**Provided data:**
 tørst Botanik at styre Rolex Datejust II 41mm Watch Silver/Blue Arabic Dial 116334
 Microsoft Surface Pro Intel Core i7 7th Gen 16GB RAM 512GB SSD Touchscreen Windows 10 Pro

---

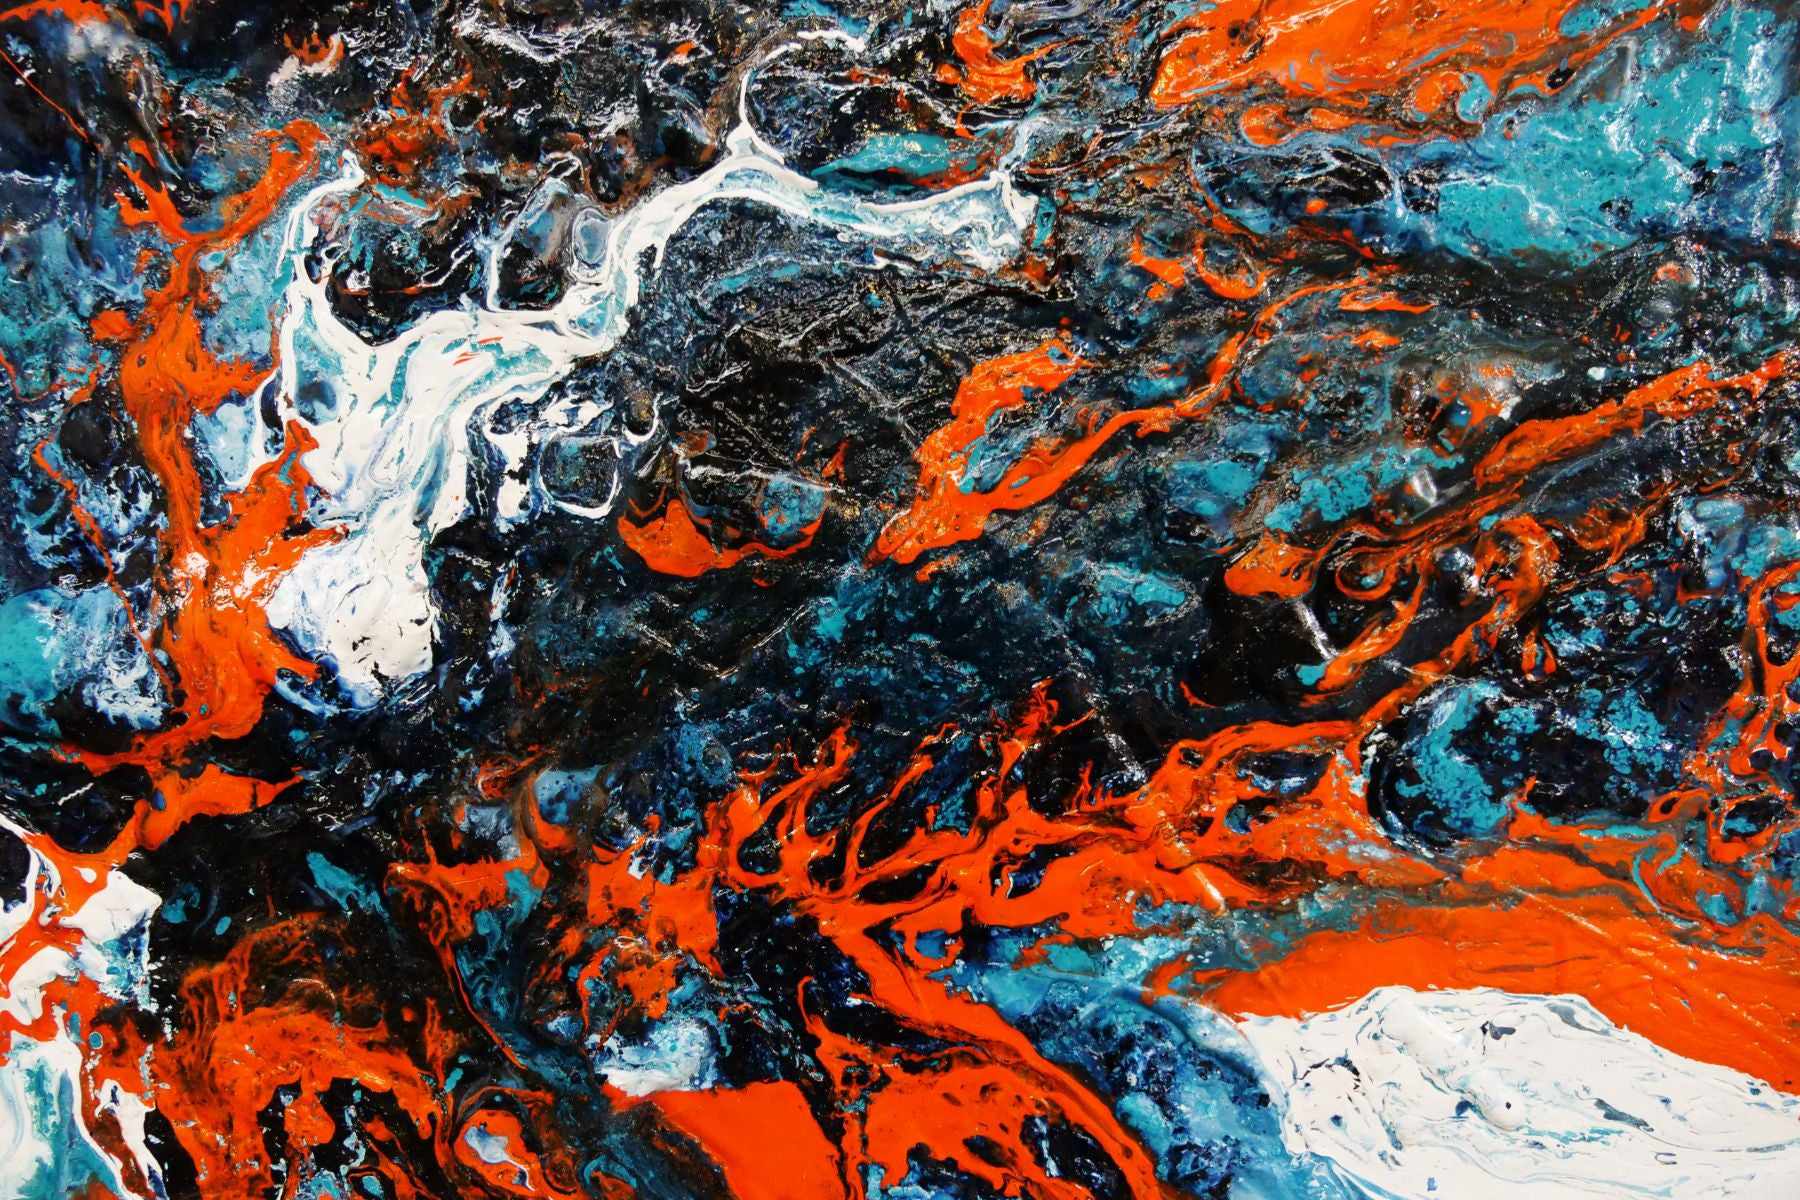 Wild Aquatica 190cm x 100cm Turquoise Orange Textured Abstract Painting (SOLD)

--

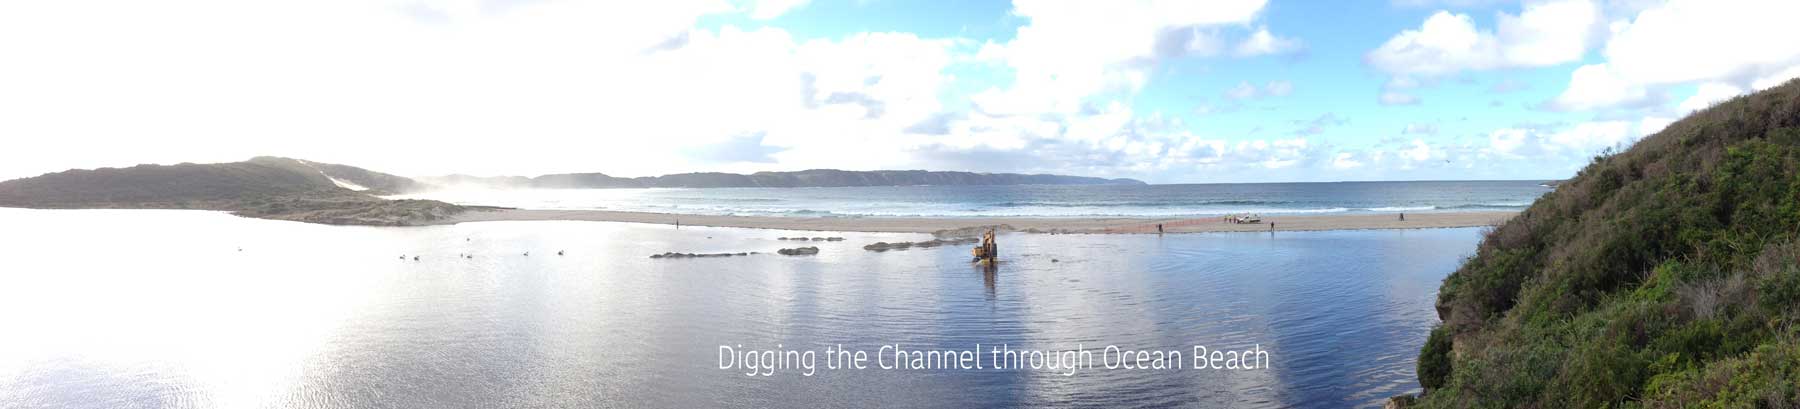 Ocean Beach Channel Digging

**Your task:** Only the lines above starting with the one with "tørst Botanik at" and going through the one with "Microsoft Surface Pro" are to be copied, word for word and with both ends kept.

**Completed exercise:**
 tørst Botanik at styre Rolex Datejust II 41mm Watch Silver/Blue Arabic Dial 116334
 Microsoft Surface Pro Intel Core i7 7th Gen 16GB RAM 512GB SSD Touchscreen Windows 10 Pro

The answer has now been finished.